More at Four, which receives $85 million from state lottery profits, would lose $40 million but take in $37 million in stimulus funds.
Roz Savitt, a lobbyist with the North Carolina Childcare Coalition, said the provisions were confusing but appear to erode the value of More at Four.
"In the end, it's less money and lower standards," Savitt said. "No. 1, it's going to hurt children."
The budget also left providers of personal care services for Medicaid patients living at home scrambling to block a $55 million cut in state funding.
Combined with federal matching dollars for Medicaid, the proposal would reduce the $361 million program for next year by 60 percent, according to legislative staff.
Workers assist patients with bathing and other tasks. The reimbursement cost of about $15 per hour is much less than the cost for Medicaid if that patient must be sent to a nursing home, lobbyists for service providers said.
"It defies logic," said Tim Rogers, chief executive officer of the Association for Home & Hospice Care of North Carolina. "We cannot balance the budget of the state of North Carolina on the backs of 84-year-old grandmothers."

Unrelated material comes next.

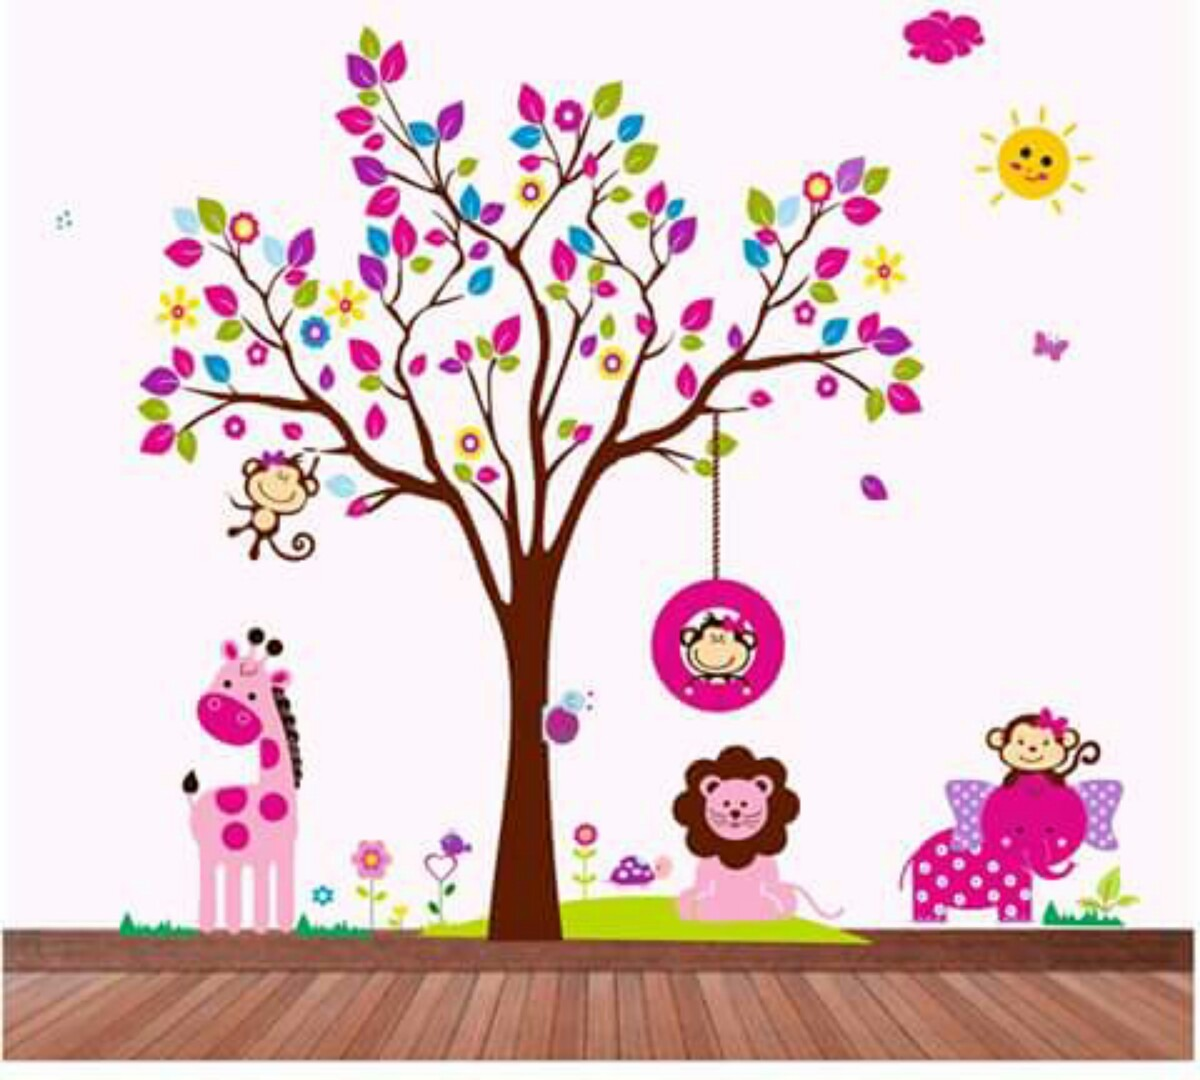 Vinilos decorativos grandes bebes cuartos infantiles cali for Vinilos decorativos para ninas

A recent audit of the personal care services program found that more than 40 percent of the cases reviewed shouldn't have qualified for the service, said Sen. Bill Purcell, D-Scotland, co-chairman of the health budget subcommittee.
Rogers said those findings were misleading and that doctors and registered nurses must sign off on such personal care treatment.
Purcell said it's not surprising that the industry is unhappy with such a cut given the state's bad fiscal situation.
"Who's not upset right now?" Purcell said.